In the early onset sepsis the gram negative organisms was (55%) while gram positive organisms was (20%).
In the late onset sepsis the gram negative organisms was (50%) while gram positive organisms was (30%).
The mean value of SAA in confirmed sepsis subgroup was (77.1+15) μg/ml, compared to clinically septic subgroup (4.5+1.32 ) and control group (2.7+1.8) μg/ml, and this was proved highly statistically significant.
The SAA level was more elevated in the Gram negative group (72.2+24.3) μg/ml, than the Gram positive group (66.5+19.6) μg/ml.
The mean level of the SAA protein in the group with early onset sepsis was (82.98+56.69) which was significantly higher than group with late-onset sepsis (41.46±36.10µg/L) this indicates that SAA elevate early and more in early onset sepsis than late onset.
Also by comparing the hematological parameter in groups with early onset sepsis and late onset we find that, there was no significantly deference for the mean hemoglobin (Hb) level, and platelets count (Plat). as for total leukocytic count (TLC), the mean level in group with late onset sepsis was (18.02+8.39) which significantly higher than group with early-onset sepsis (14.1+5.59). As for I/T ratio the mean level in the group with late onset sepsis was (0.310+0.126) which significantly higher than group with early-onset sepsis (0.202+0.124), which indicates that TLC and I/T ratio elevate lately and more in late onset sepsis, and it is bitter used as a markers in late onset sepsis than early onset.
A comparison between the diagnostic sensitivities of laboratory investigations when sepsis was suspected revealed that SAA was positive (>10μg/ml) in 93.5% cases and is the most sensitive marker (93.5%) in comparison with TLC(80%), I:T ratio(80%) and platelets count (40%) in diagnosis of neonatal sepsis,
Also its specificity was high (88.9%) in comparison with TLC (53%), I/T (75.3%), and platelets count (34%).
The positive predictive value (PPV) of SAA in this study was (96.7%) which was higher than that of TLC (63.16%), I: T ratio (87.2%), and PLT count (37.50%).

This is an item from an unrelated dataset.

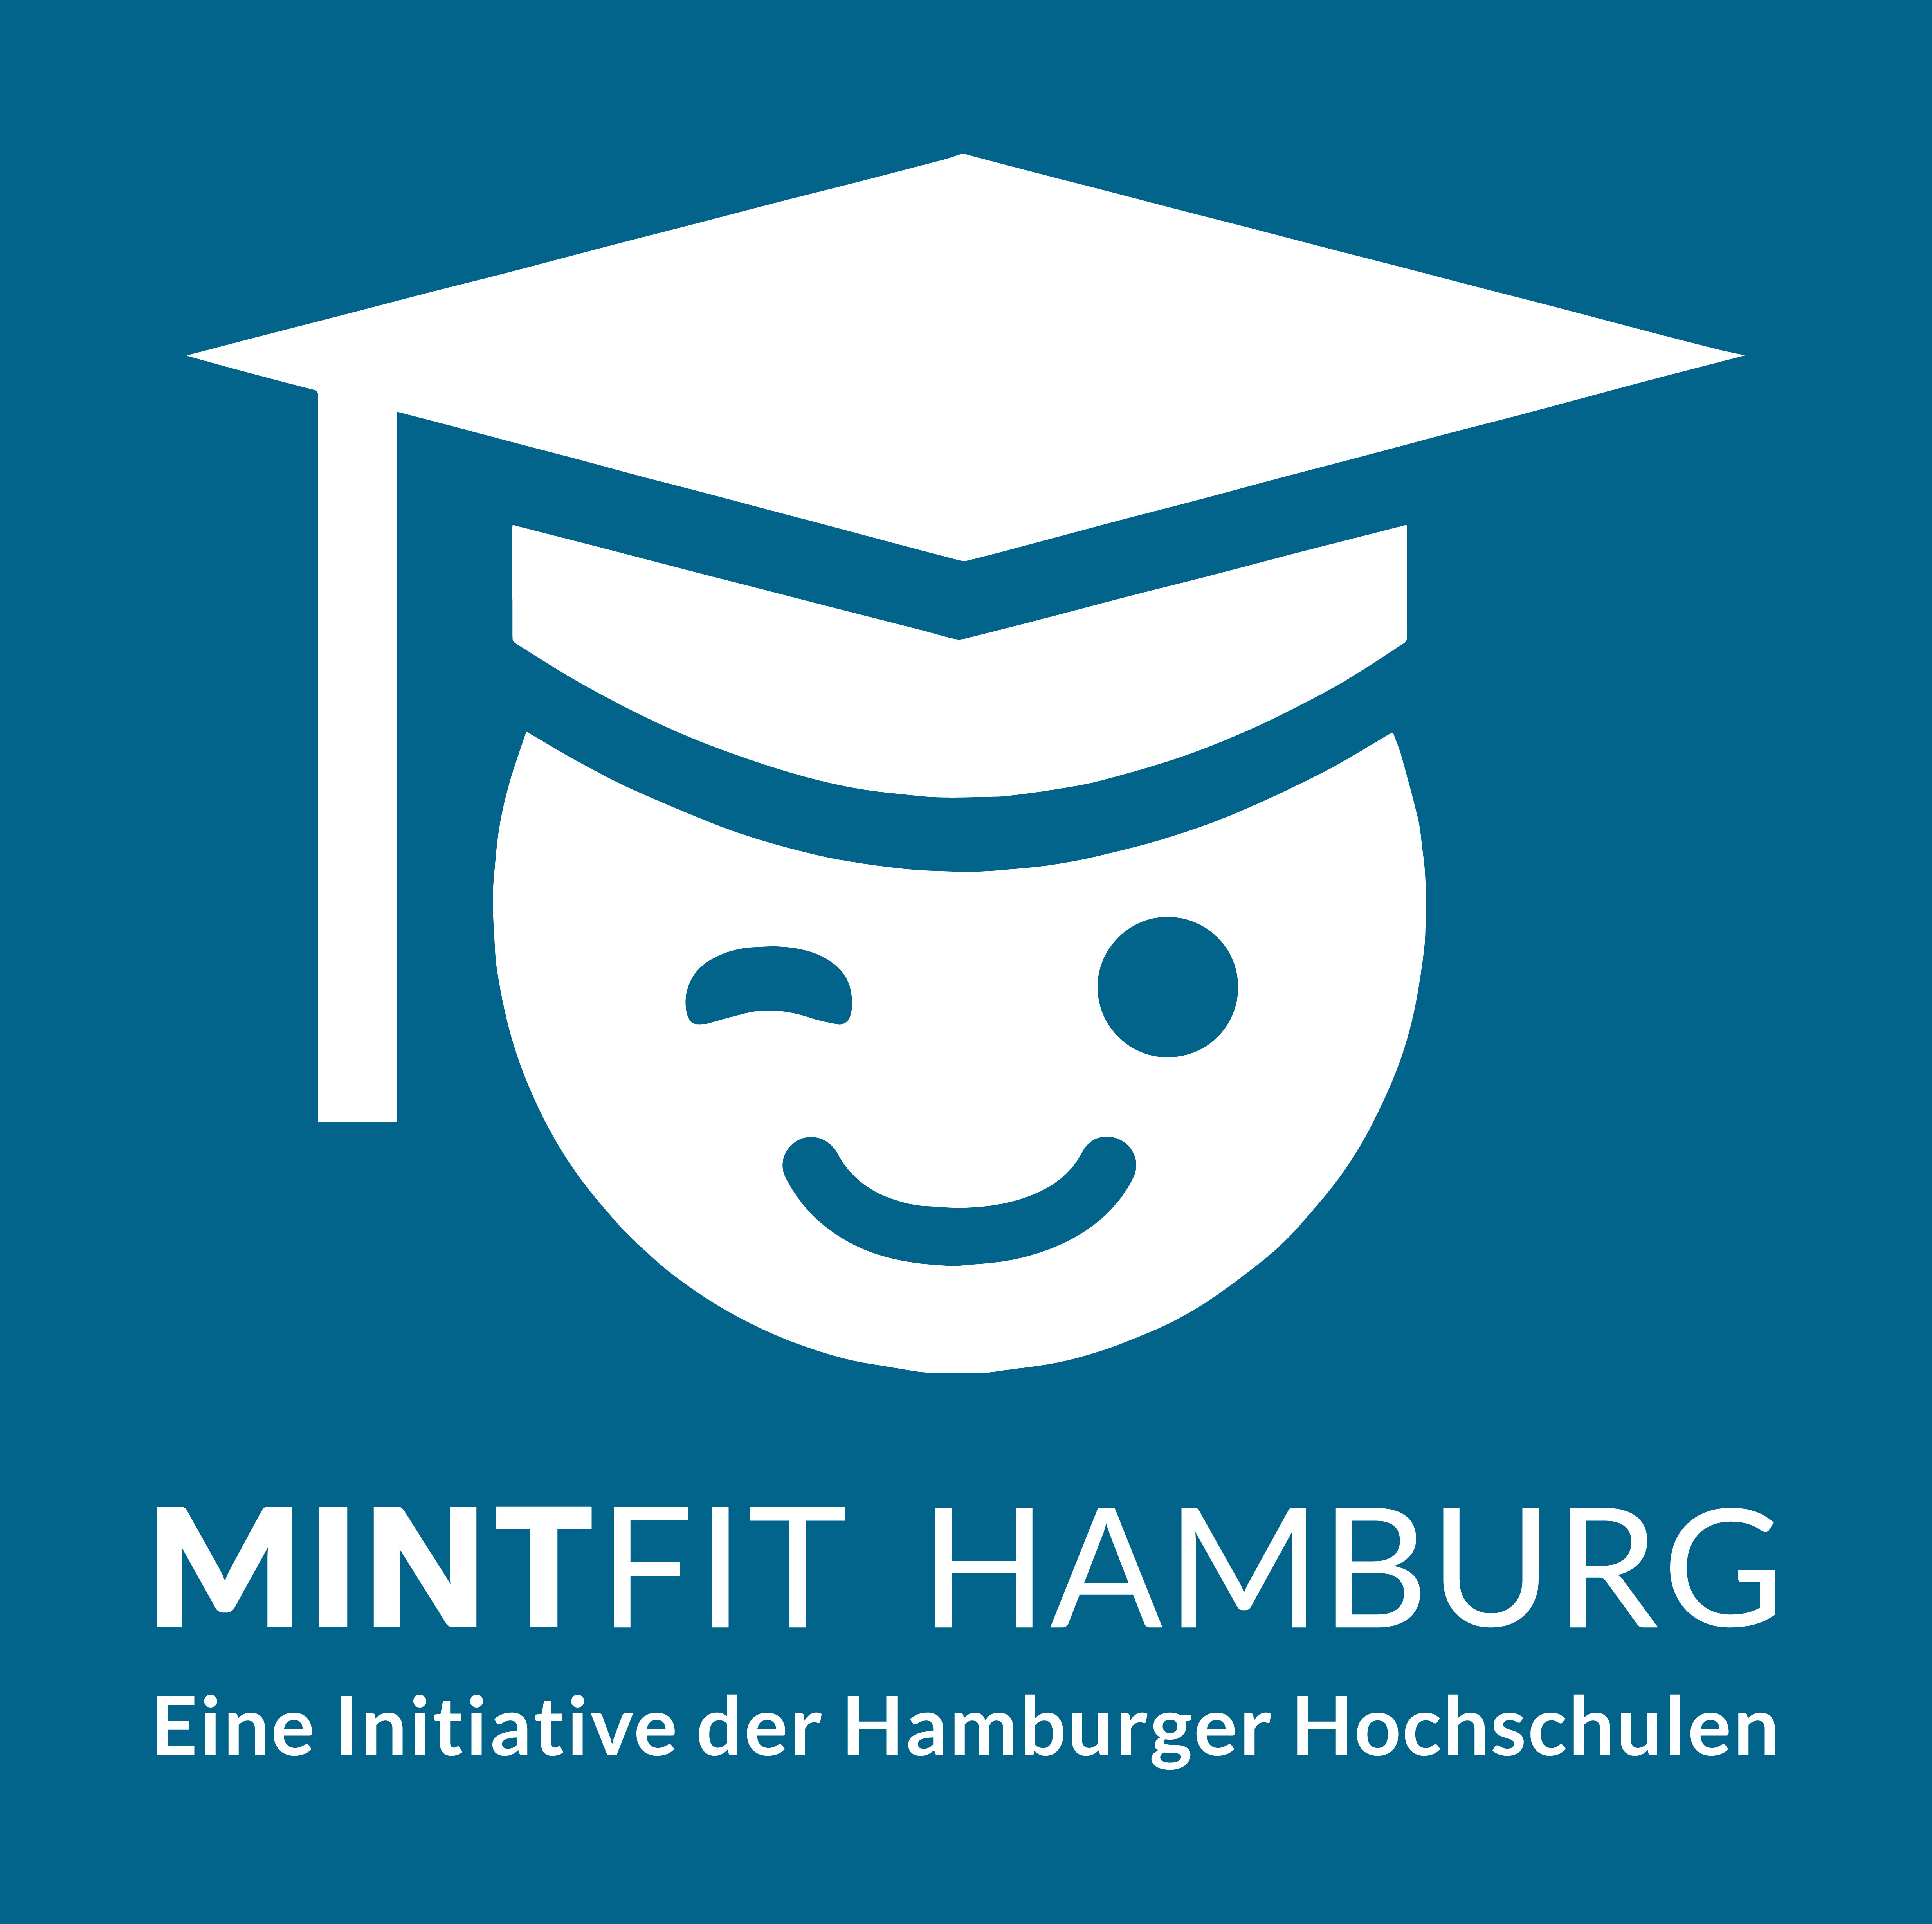 Das ist das Logo von MINTFIT Hamburg.

SAA had the highest negative predictive value (NPV) which was (80%), while The NPV of I: T ratio was (77%), TLC was (72.73%), and that of PLT was (35.71%).
from the results, we can concluded that SAA seems to be an early, highly sensitive and specific marker for the diagnosis of neonatal sepsis at the first suspicion of infection,
The Quick and reliable use of SAA in early diagnosis of neonatal sepsis can be useful in early initiation of antibiotic treatment, duration, response, and outcome after therapy.